Required work: Exactly as they appear below, repeat the lines from the one with "Top Design - Volume Zero" through the one with "Safry paisley print", and no others.

Exercise data:
▶
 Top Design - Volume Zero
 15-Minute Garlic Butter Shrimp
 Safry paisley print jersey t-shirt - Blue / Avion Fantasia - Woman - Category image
◀
▶
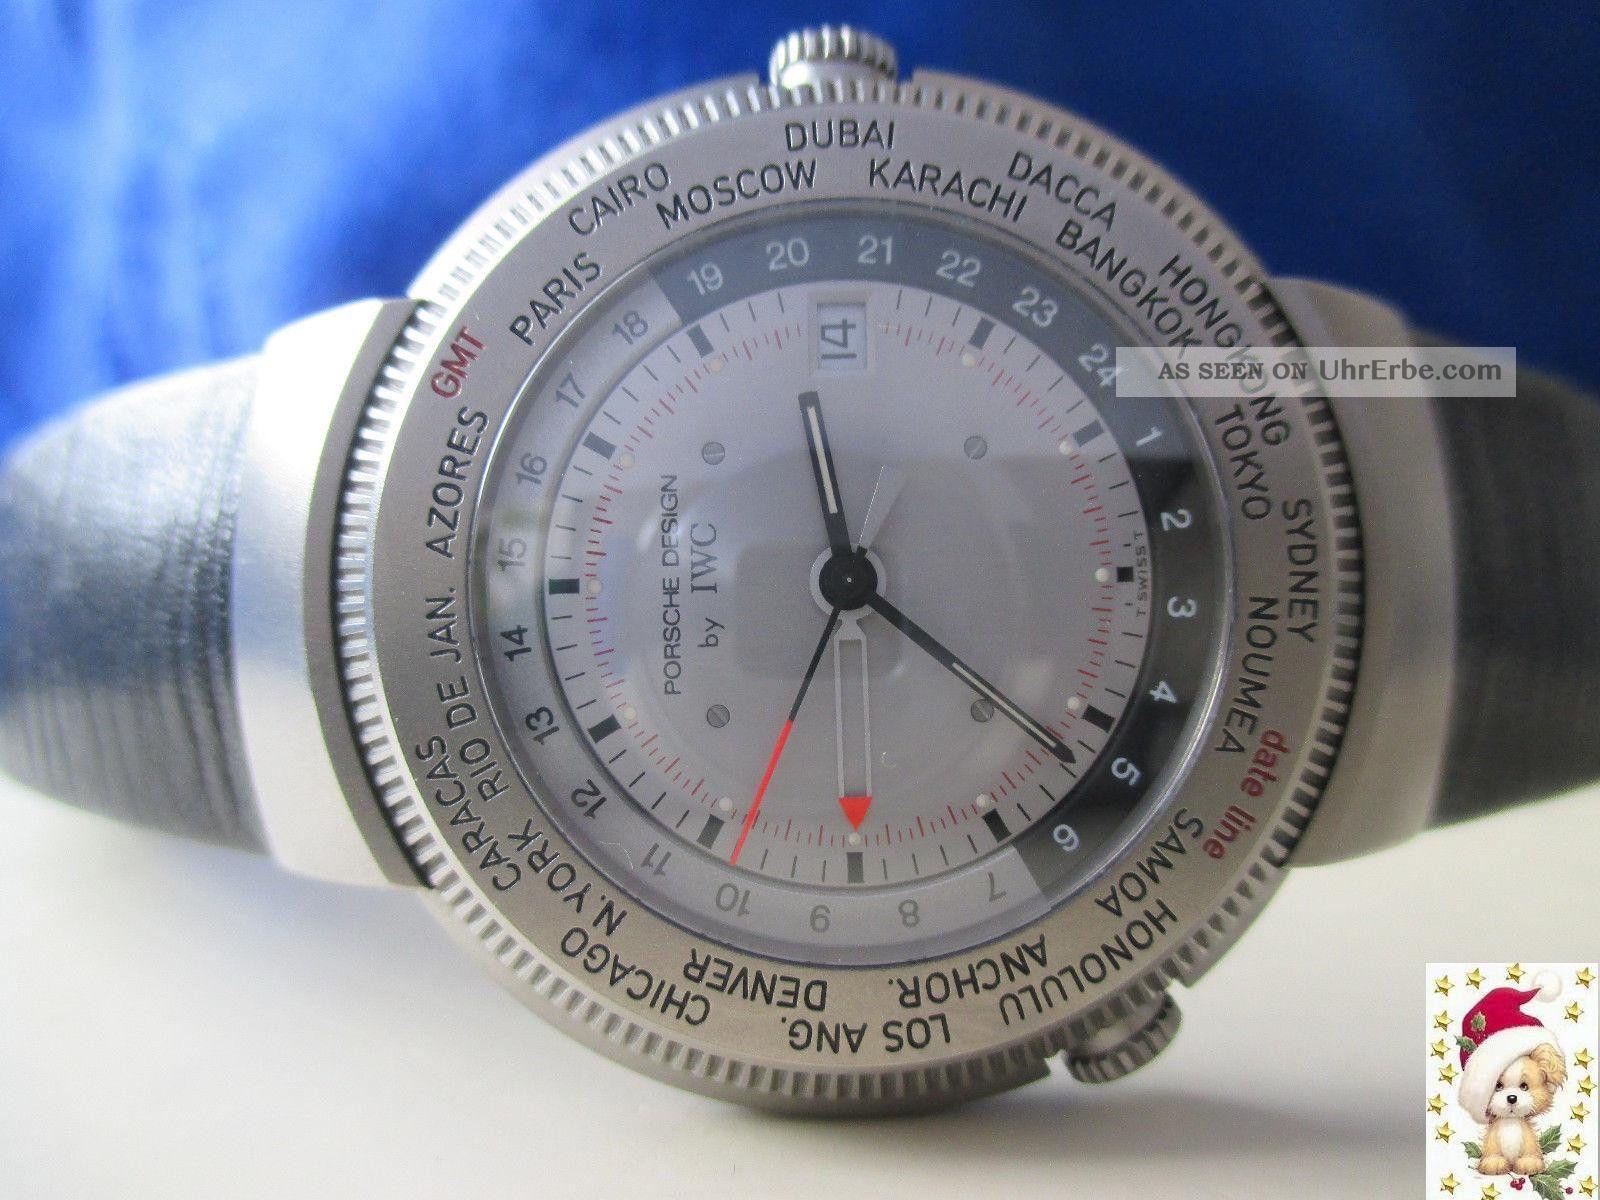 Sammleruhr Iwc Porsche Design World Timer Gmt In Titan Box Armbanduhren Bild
◀
Output for this exercise:
 Top Design - Volume Zero
 15-Minute Garlic Butter Shrimp
 Safry paisley print jersey t-shirt - Blue / Avion Fantasia - Woman - Category image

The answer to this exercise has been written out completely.